A deconstructed drag

EgoPo presents Mae West’s The Drag, adapted by Thomas Choinacky and AZ Espinoza

In
3 minute read
A blond drag queen in spangled blue with a giant gauze boa dances joyfully amid the lavishly costumed ensemble.
Queer joy onstage with EgoPo’s ‘The Drag’, kicking off the company’s Queer Revolutions season. (Photo courtesy of EgoPo.)

The word “essential” gets thrown around a lot when discussing theater, often speciously, but it absolutely applies to EgoPo Classic Theater’s Queer Revolutions project. At a time when queer and trans perspectives seem dangerously marginalized, devoting a full season to the broad spectrum of LGBTQ+ experience does feel, well, revolutionary.
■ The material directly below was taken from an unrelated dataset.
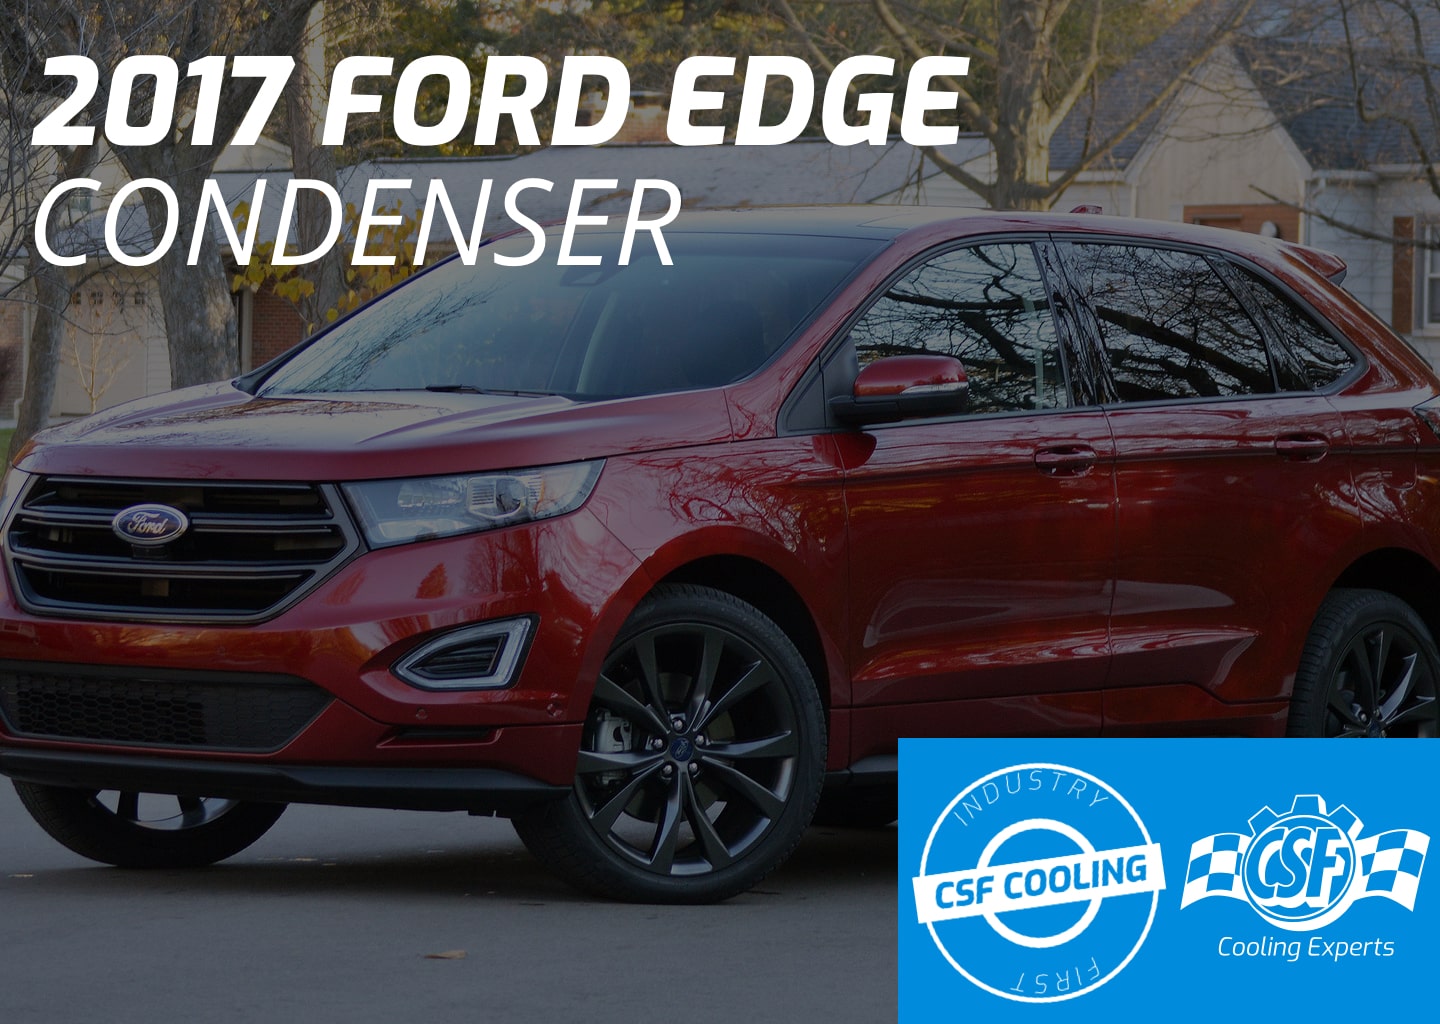 2017 Ford Edge Condenser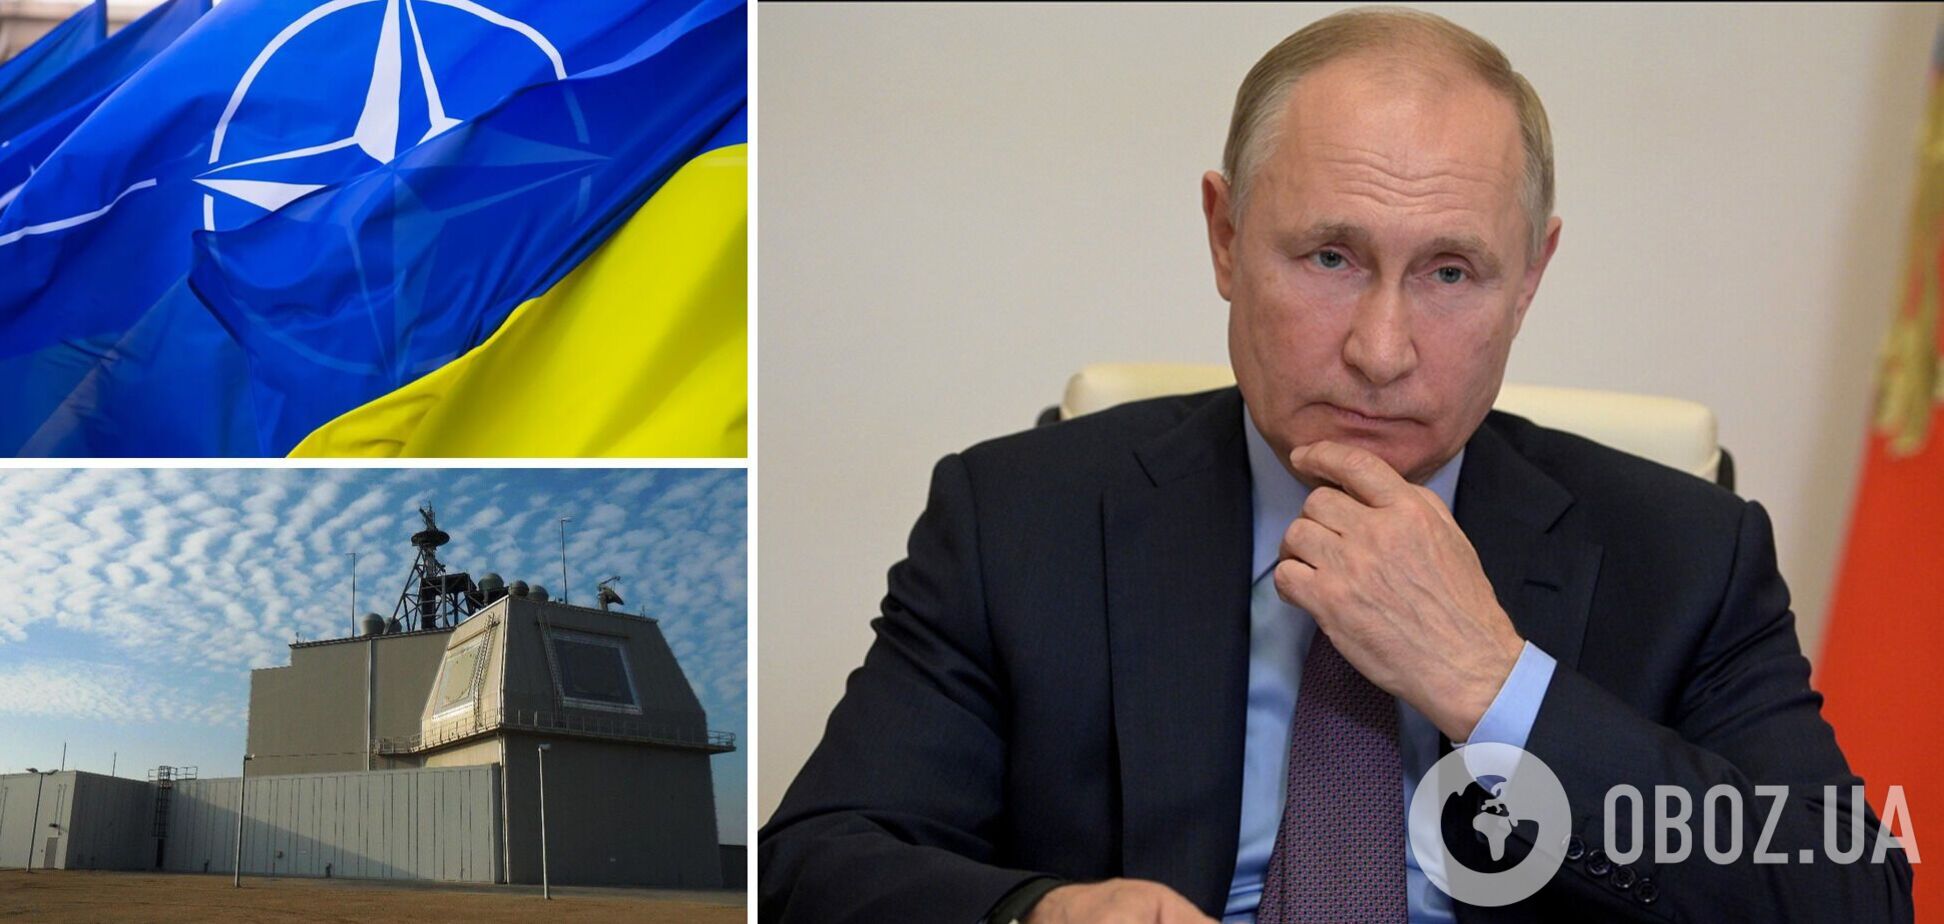 Путин боится НАТО в Украине, заявил Песков

So it gives me no pleasure to report that the first offering, The Drag, unfortunately lives up to its title.

Yes, the performance culminates in a sweeping drag ball that comes across as joyous and life-affirming. But more often than not, this high-handed and tonally inconsistent entertainment just feels like a slog.

Daring but outdated

The Drag shares its title with a 1927 play by the actor and theatrical impresario Mae West, and EgoPo describes this production as a “reworking” of the original text. (The adaptation is by local Philadelphia artists Thomas Choinacky and AZ Espinoza.) West’s melodrama dealt with topics deemed degenerate by society at the time, including queerness, gender expansiveness, adultery, and self-harm. It goes without saying that a work created nearly 100 years ago likely won’t share the enlightened perspective of our modern age, but everyone should respect and acknowledge West’s daring forward thinking, as well as her collaboration with queer artists of the time.

The authors and company of The Drag clearly have some admiration for the source material. After beginning the performance in earnest—briefly, the plot centers on a closeted businessman whose attempts to subvert his queer desires lead to tragedy—the actors begin breaking the fourth wall, talking to themselves and the audience. They discuss how they do and don’t see themselves in West’s text; how some of her outdated vocabulary and ideas are harmful; how they wish they could expand the history of the play to feel more inclusive.

Smug interruptions

Although I fundamentally disapprove of applying the morals of the present to the art of the past, I understand the impulse to question whether a piece that might do more harm than good deserves to remain in the spotlight. But the staged interjections that break away from The Drag as a play carry with them a certain undeniable smugness, as though the performers cannot wait to turn their noses up at West’s well-intentioned but perhaps lacking attempt to center a queer narrative. The subtext—which usually feels more like just text—is that little value remains in historical works unless we make them align perfectly with our current experience.

Even more importantly, from an audience’s perspective, it doesn’t make for a compelling performance. The forced conversations—no doubt genuine, but obviously scripted—sound like what you might hear in an early rehearsal, as actors work their way into the material. There’s a reason why actors love the rehearsal process and audience members prefer a finished product.

Deconstructing The Drag

When the production does focus on the West scenes, the bawdy comedy that defined her style emerges with intermittent success. Director Rebecca Wright harnesses a broad spectrum of personalities, some of whom are better suited for the exaggerated period style than others. (I particularly enjoyed Chris Davis as a hilariously laconic pair of leaping butlers, and Donovan Lockett as the starchy father of the play’s central character.) But works in this genre rely on hairpin turns of tone, and that’s not something the company reliably achieves—especially as they continue to interrupt the action with injections of earnestness.

The production itself makes handsome use of the Christ Church performance space, with a swanky set by Chris Haig and eye-catching period costumes by Ilycia Buffaloe. And the ballroom culmination, with choreography by Paule Turner, offers everything you could wish for with regard to queer joy. But to be given the opportunity to present a historically and thematically important work from the past and instead choose to spend your running time pedantically deconstructing it feels like a missed opportunity.

What, When, Where

The Drag. By Mae West. Adapted by Thomas Choinacky and AZ Espinoza. Directed by Rebecca Wright. $20-$38. Through February 9, 2025, at Christ Church Neighborhood House, 20 N. American Street, Philadelphia. (267) 273-1414 or egopo.org.

Accessibility

Christ Church Neighborhood House is a wheelchair-accessible venue.